If he doesn’t, the SIPC seems unlikely to provide money to the trusts. To understand why, consider the SIPC’s history. Congress established it in 1970 after about 130 brokerage firms went bust during a bear market that led, essentially, to a run on investment firms. Brokers begged Congress to establish an industry-financed, federally backstopped fund to halt the panic. To ensure that the backstop rarely would be used, Congress strictly limited coverage.

The SIPC, which has a very small staff, generally relies on the larger SEC to help it determine if an investor is eligible for an insurance payment. The circumstances surrounding a loss dictates what happens.

A GOVERNMENT OFFICIAL familiar with SIPC gives these examples: If you have securities or cash at a brokerage house, and it fails because of poor business decisions, you should receive a payment. If you haven’t given a broker discretionary authority over your account and he takes assets out of it without your permission, that, too, is covered. But if you’ve authorized a broker to make decisions in your account, and he used fraudulent representations to induce you to buy, say, the penny stock of a company that goes belly up, the SIPC doesn’t cover that. A case involving a trustee, or someone with a trustee’s authority, might fall into this last category.

Says this official: “Sometimes, assets are taken out of an account through legal authority, and, although there may have been a fraud involved, custodianship was not at issue. If you gave the registered representative trading authority—told him, in effect, ‘Here’s my account, and you can do whatever you want with it because I trust you with my money’—and then the rep does something inappropriate, under SIPC they say, ‘Look, you gave the person authority, so it’s not a custodial issue any more. It’s that he did not act in your interest, and that’s different.’ ”

Says Hugh Berkson, a Cleveland lawyer who is president-elect of the Public Investors Arbitration Bar Association: “SIPC doesn’t do what people think it does. They do everything they can to limit payouts to the most narrow of circumstances.” The SIPC, which hasn’t ruled on the trusts’ insurance claims, wouldn’t comment to Barron’s.

Thornes had served the Shultz family well for years, until November 2010, when he persuaded Shultz’s two daughters, both trustees of the fund, to let him convert it to a margin account. Then he made unsecured, one-year loans to Burnell, who allegedly promised him an interest rate of up to 20%. Burnell has been sued by eight people who claim to have lent him hundreds of thousands of dollars and say they’ve never been repaid. At least one has been awarded a judgment by a state superior court judge.

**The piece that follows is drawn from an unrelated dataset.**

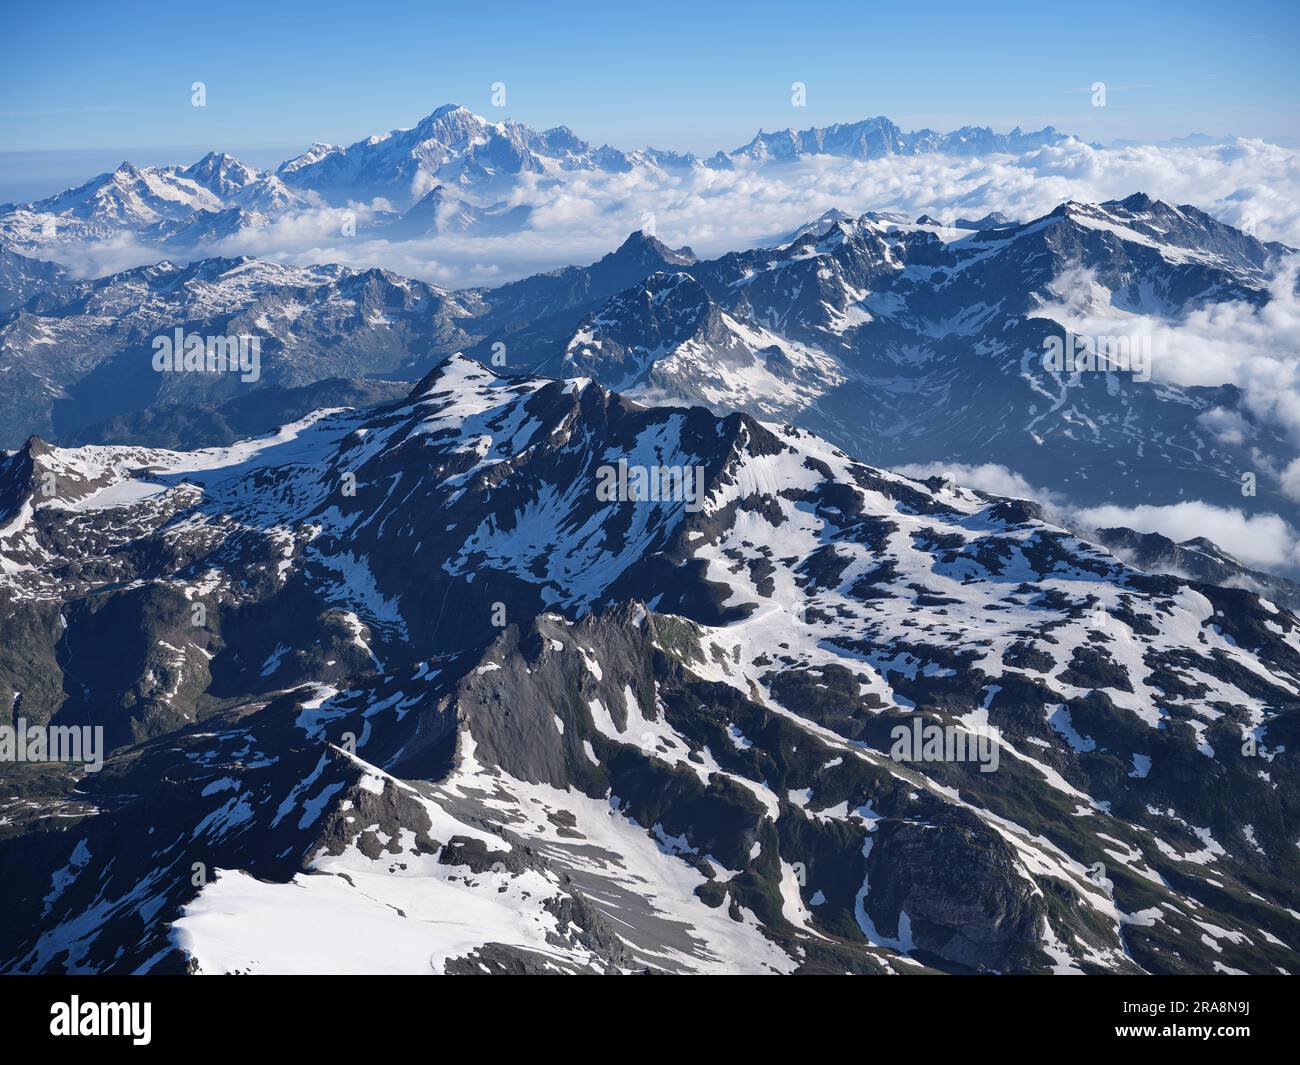 VISTA AEREA. Paesaggio montuoso dell'alta Valgrisenche con il massiccio del Monte bianco in lontananza. Valle d'Aosta, Italia. Foto Stock

No criminal charges have been filed against anyone involved in the Shultz or Harbison cases. However, the Secret Service tells Barron’s that it is investigating to determine if money-laundering laws were breached when Thornes allegedly funneled some cash to Burnell through transactions at a tribal casino.

But even if criminal charges are filed, it will be small recompense to the trusts’ potential beneficiaries, especially if no payments from SIPC materialize.